The Z-machine is a virtual machine that was used by Infocom for its text adventure games. Infocom compiled such games to files containing Z-machine instructions (called story files, or Z-code files), and could therefore port all its text adventures to a new platform simply by writing a Z-machine emulator for that platform. With the large number of incompatible home computer systems in use at the time, this was an important advantage over using native code.

The "Z" of Z-machine stands for Zork, Infocom's first adventure game. Z-code files usually have names ending in .z3, .z5, .z6 or .z8, where the number is the version number of the Z-machine on which the file is intended to be run, as given by the first byte of the story file. Previously it was common for the filenames to end with .zip (ZIP = Z-machine Interpreter Program), but this clashes with the present widespread use of .zip for PKZIP-compatible archive files. Infocom produced six versions of the Z-machine. Files using versions 1 and 2 are very rare. Only one version 1 file is known to have been released by Infocom, and only two of version 2. The newer versions had more capabilities, culminating in some graphic support in version 6.
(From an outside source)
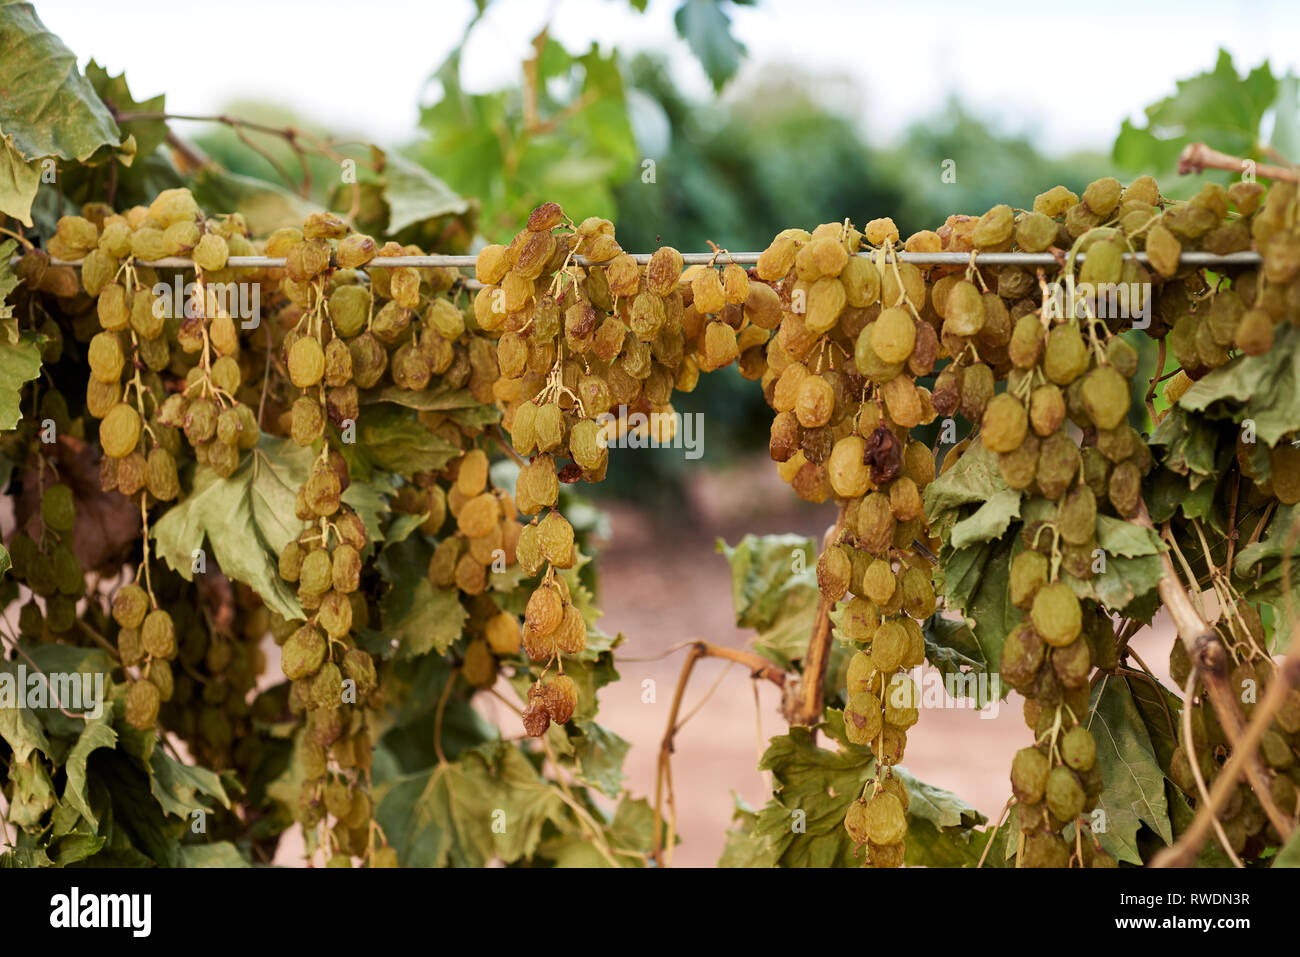 Sun Muscat grapes, drying on the vine, Mildura region. - Stock Image

The compiler (called Zilch) which Infocom used to produced its story files has never been released, although documentation of the language used (called ZIL, for Zork Implementation Language) is still in existence. But in May 1993, Graham Nelson released the first version of his Inform compiler, which generates Z-machine story files as its output. Most files produced by Inform are version 5. Inform has since become very popular in the interactive fiction community and, as a consequence, a large proportion of the interactive fiction now produced is in the form of Z-machine story files. Demand for the ability to create larger game files resulted in the creation of versions 7 and 8 of the Z-machine, though version 7 is not in use. Interpreters for Z-code files are available on a wide variety of platforms.

During the 1990s, Graham Nelson drew up a Z-machine standard, based on detailed studies of the existing Infocom files.